## PROMPT
Every line in the data below has to be repeated exactly; no picture belongs in the result.

====== DATA SHOWN

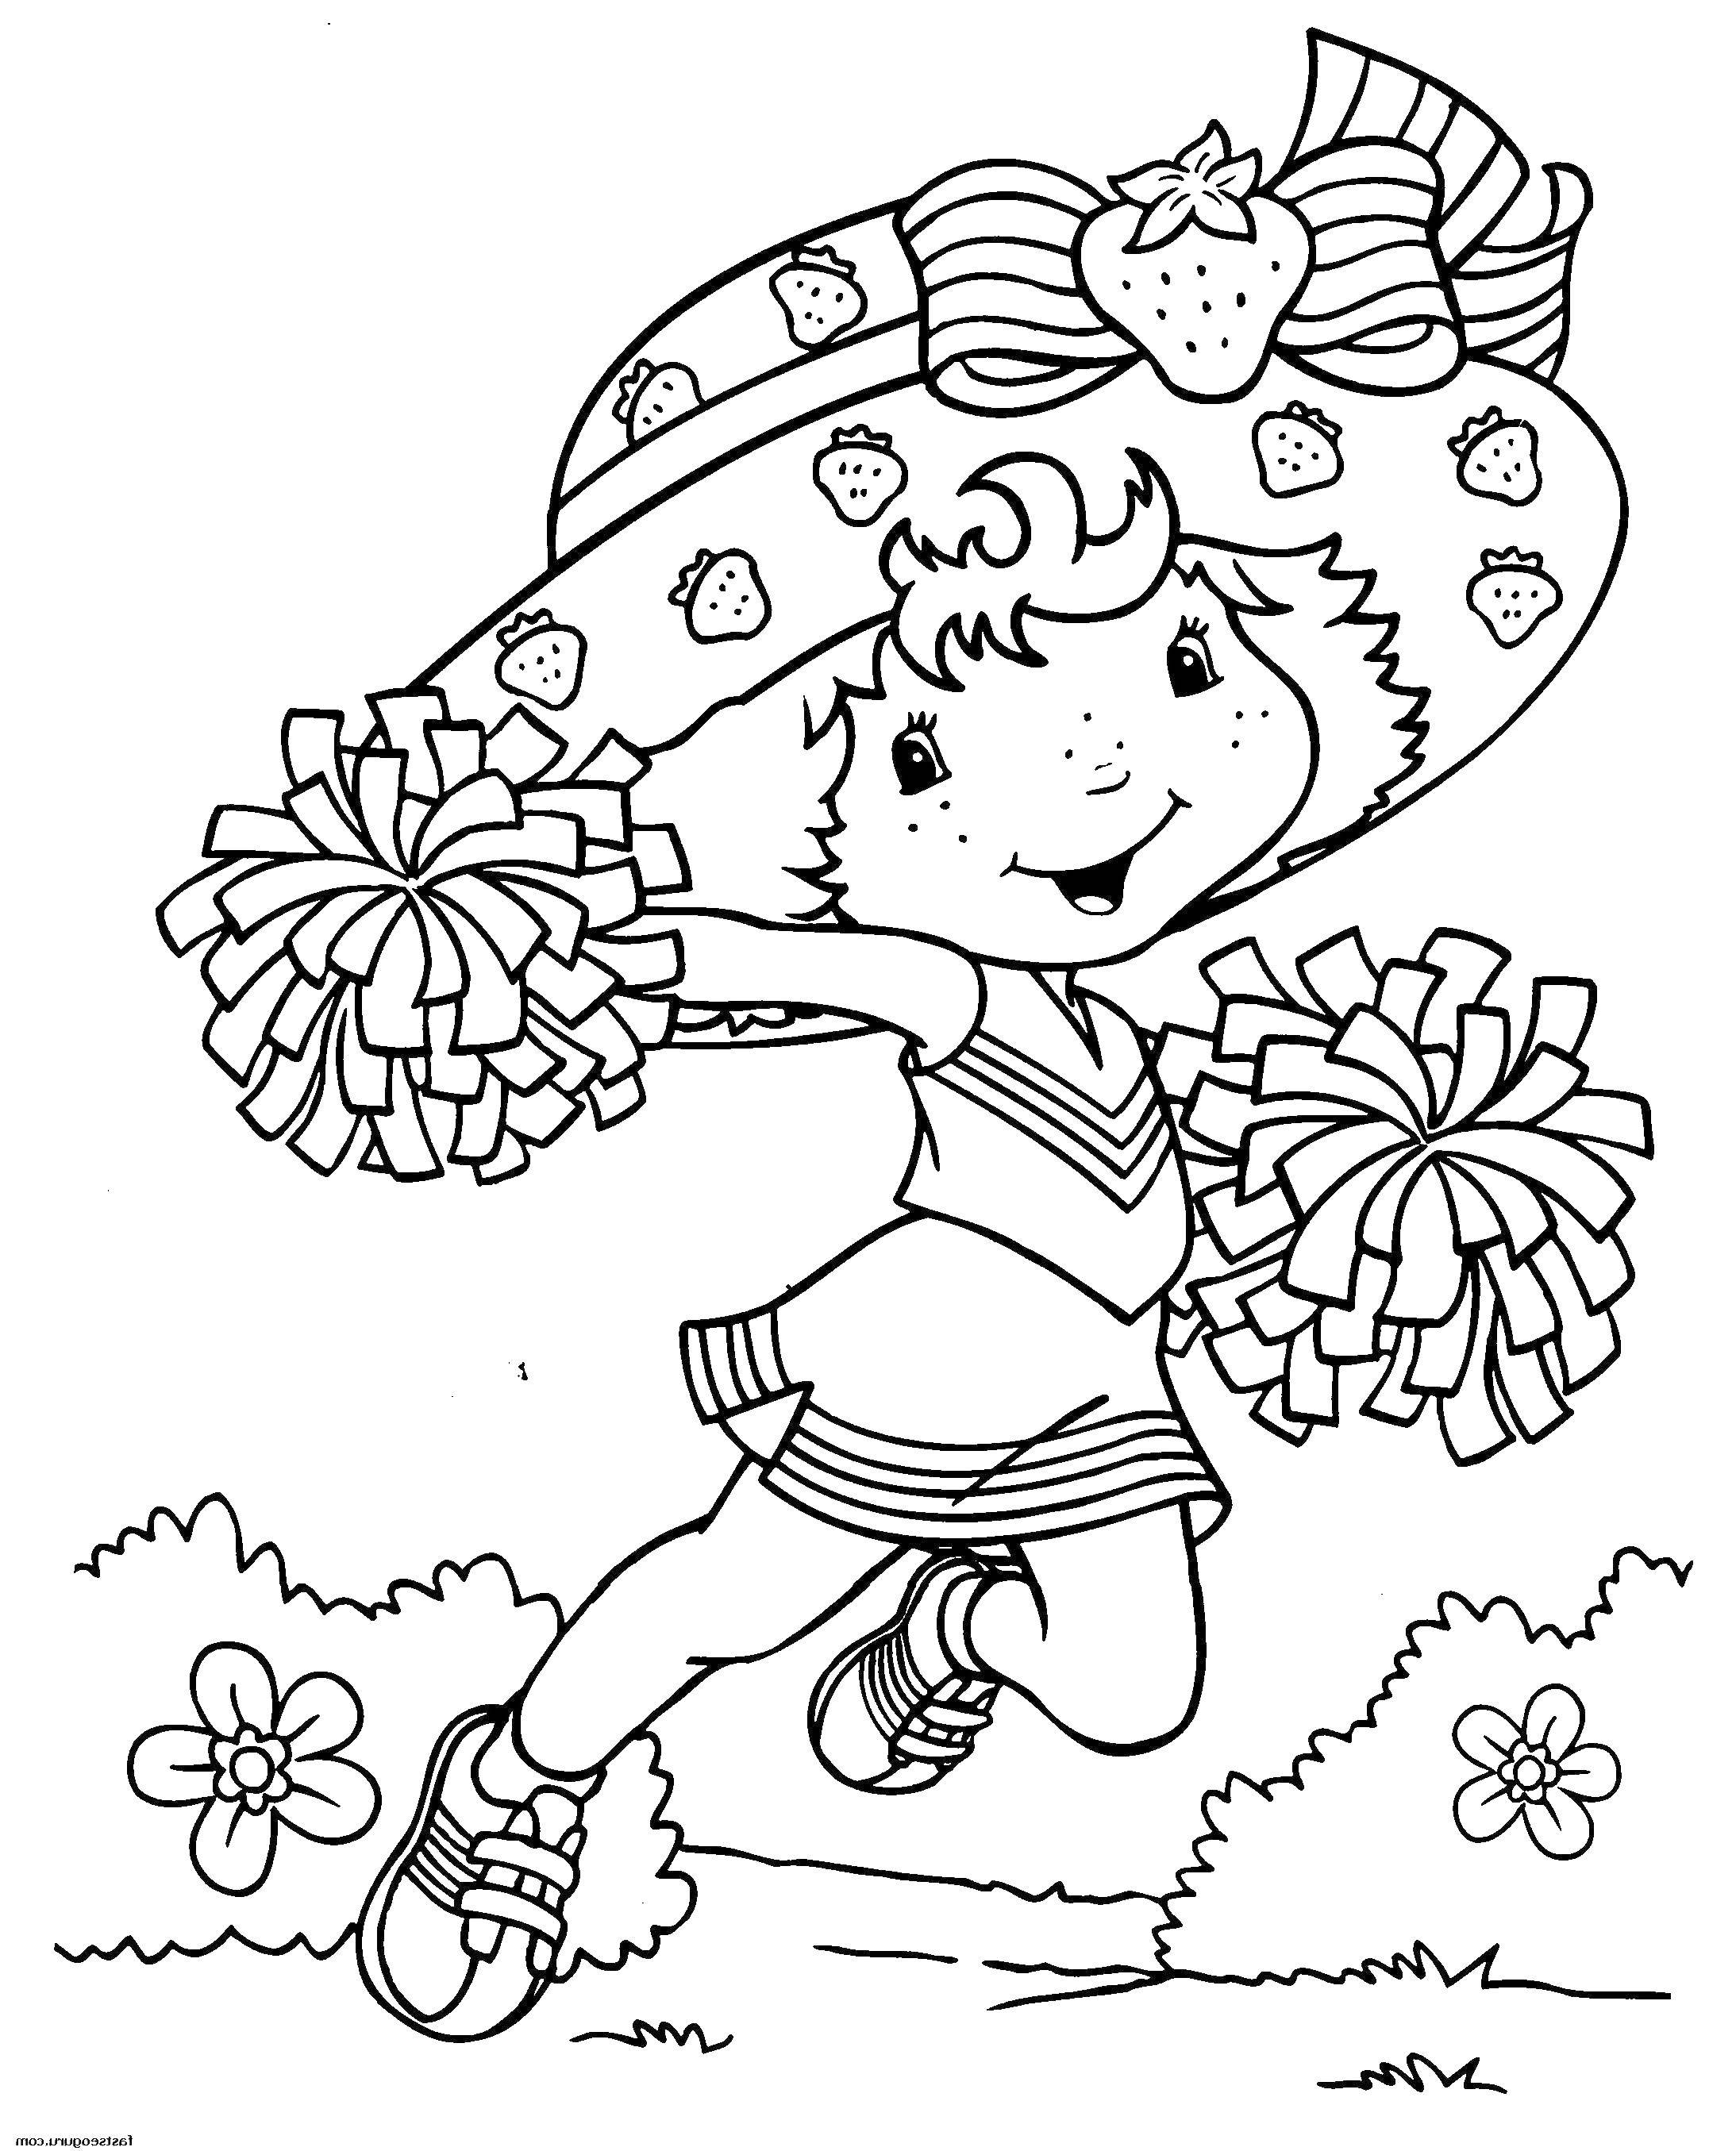 Coloring strawberry cheerleader. Category People. Tags:  strawberry.
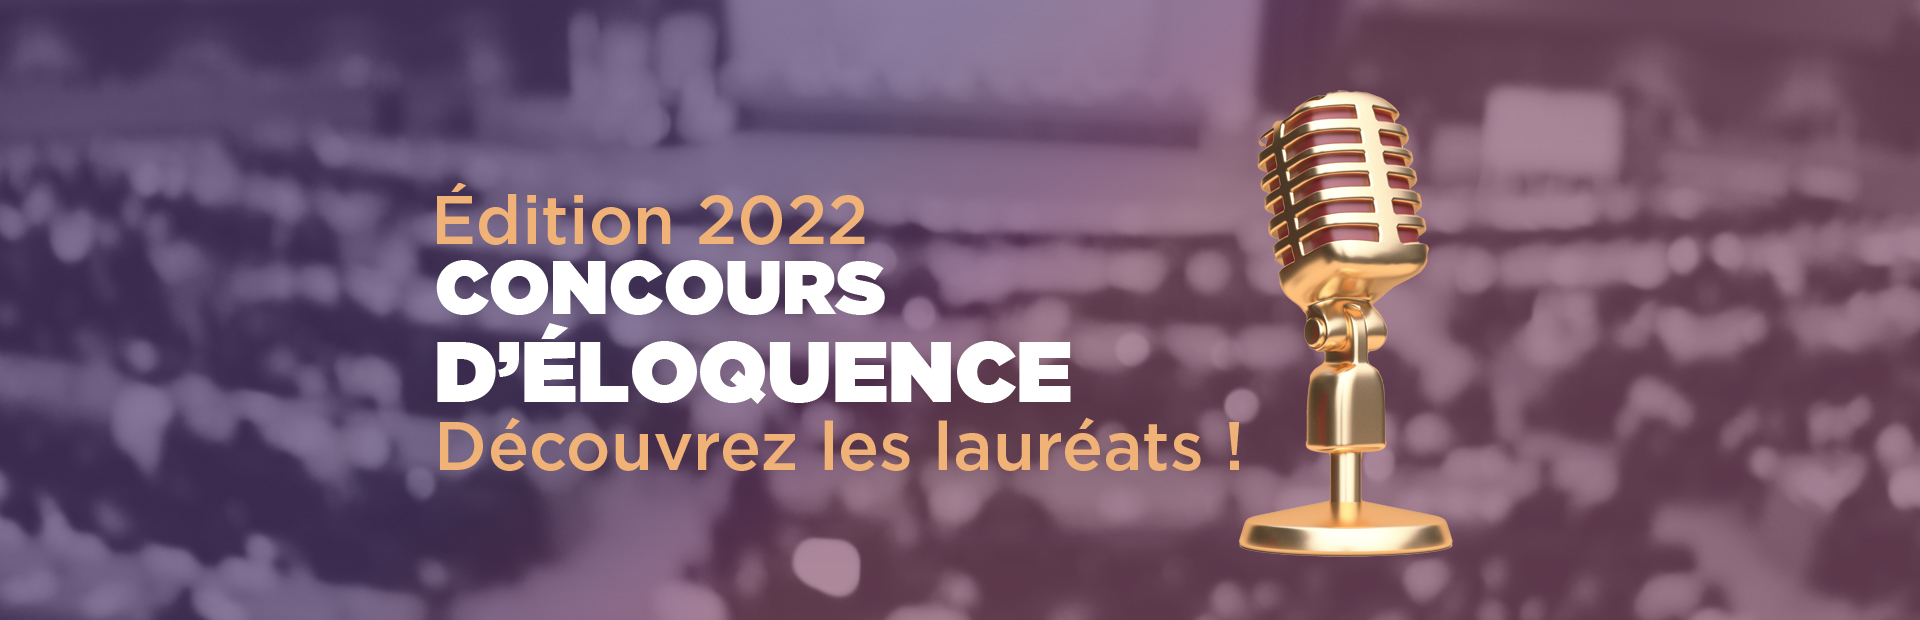 concours eloquence 2022
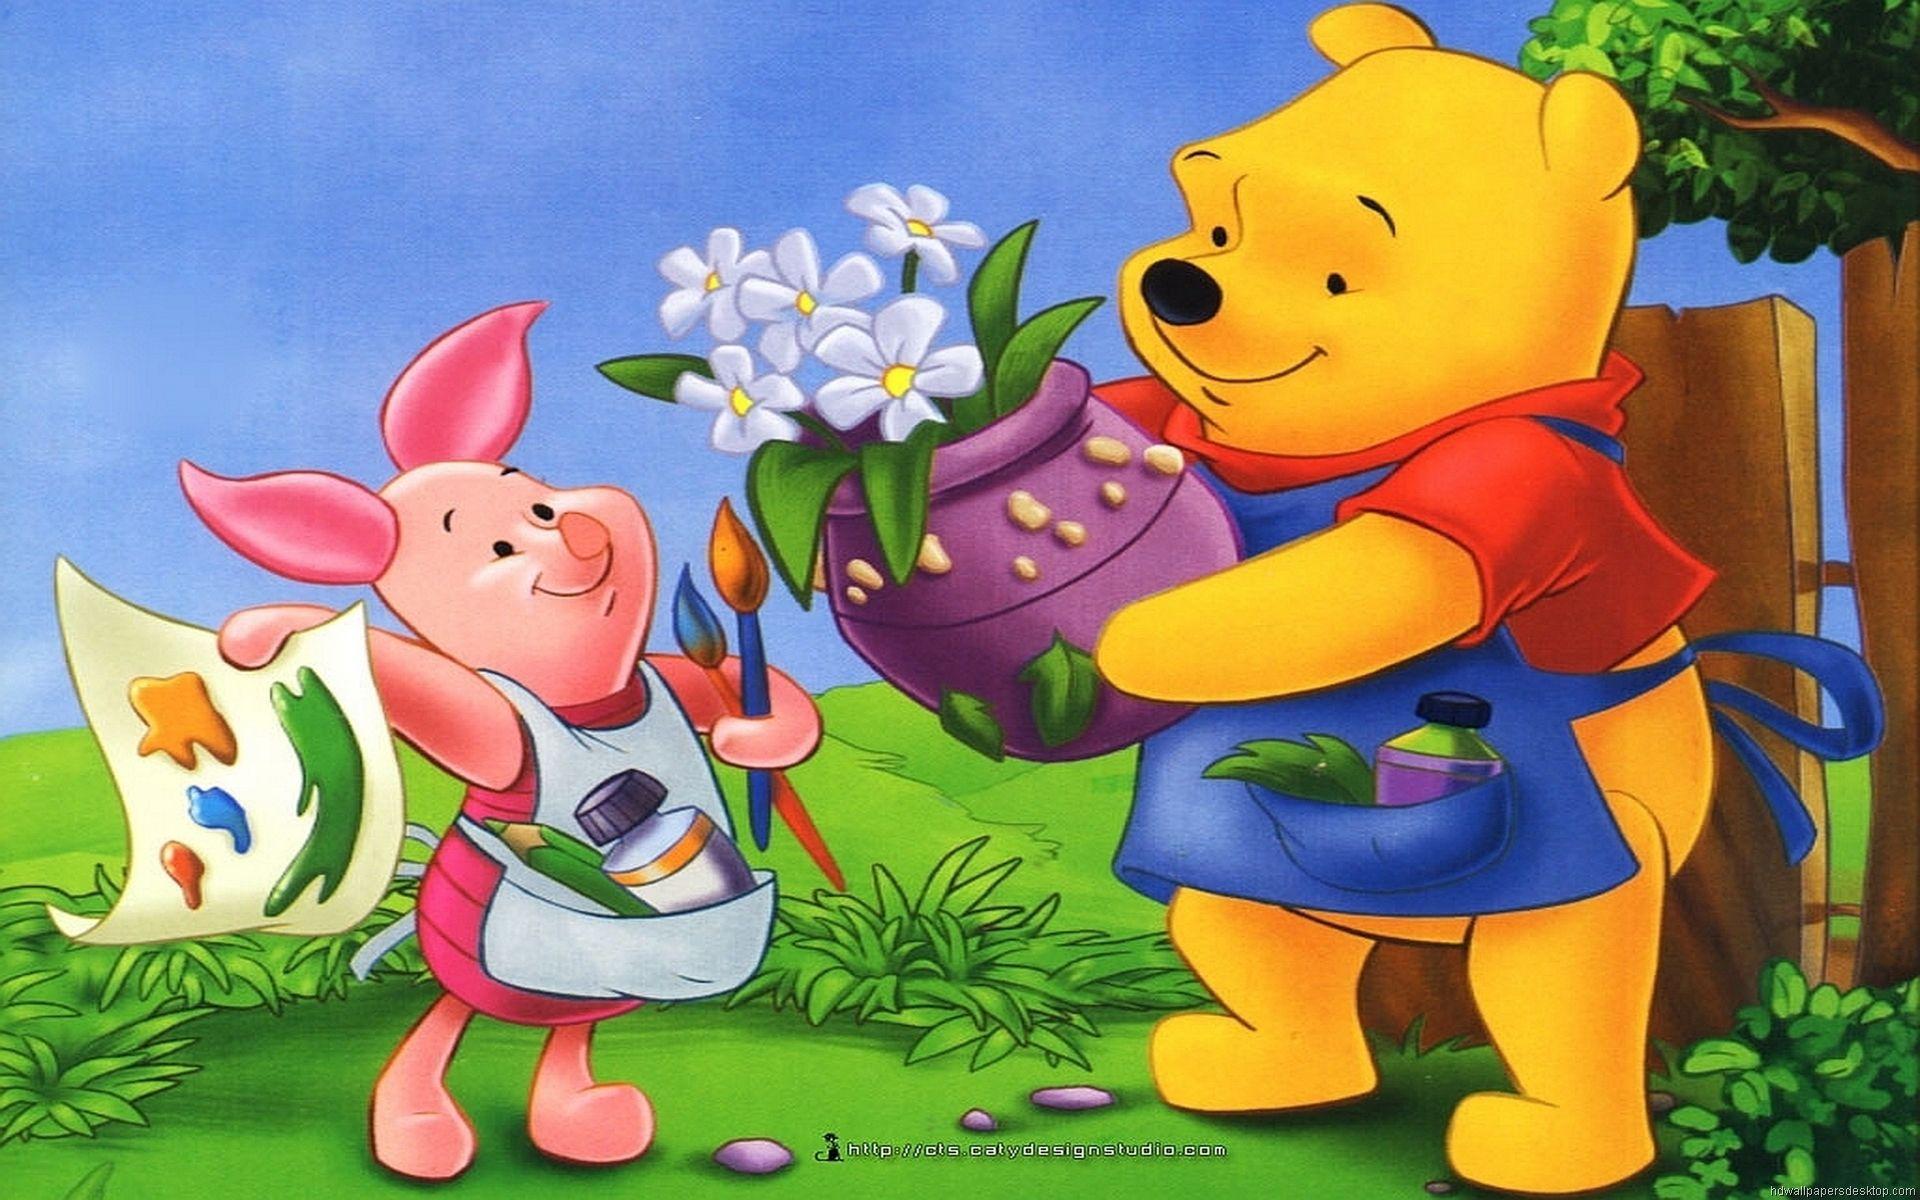 Wallpapers Of Winnie The Pooh Group

============

## ANSWER TO THIS PROBLEM
 Coloring strawberry cheerleader. Category People. Tags:  strawberry.
 concours eloquence 2022
 Wallpapers Of Winnie The Pooh Group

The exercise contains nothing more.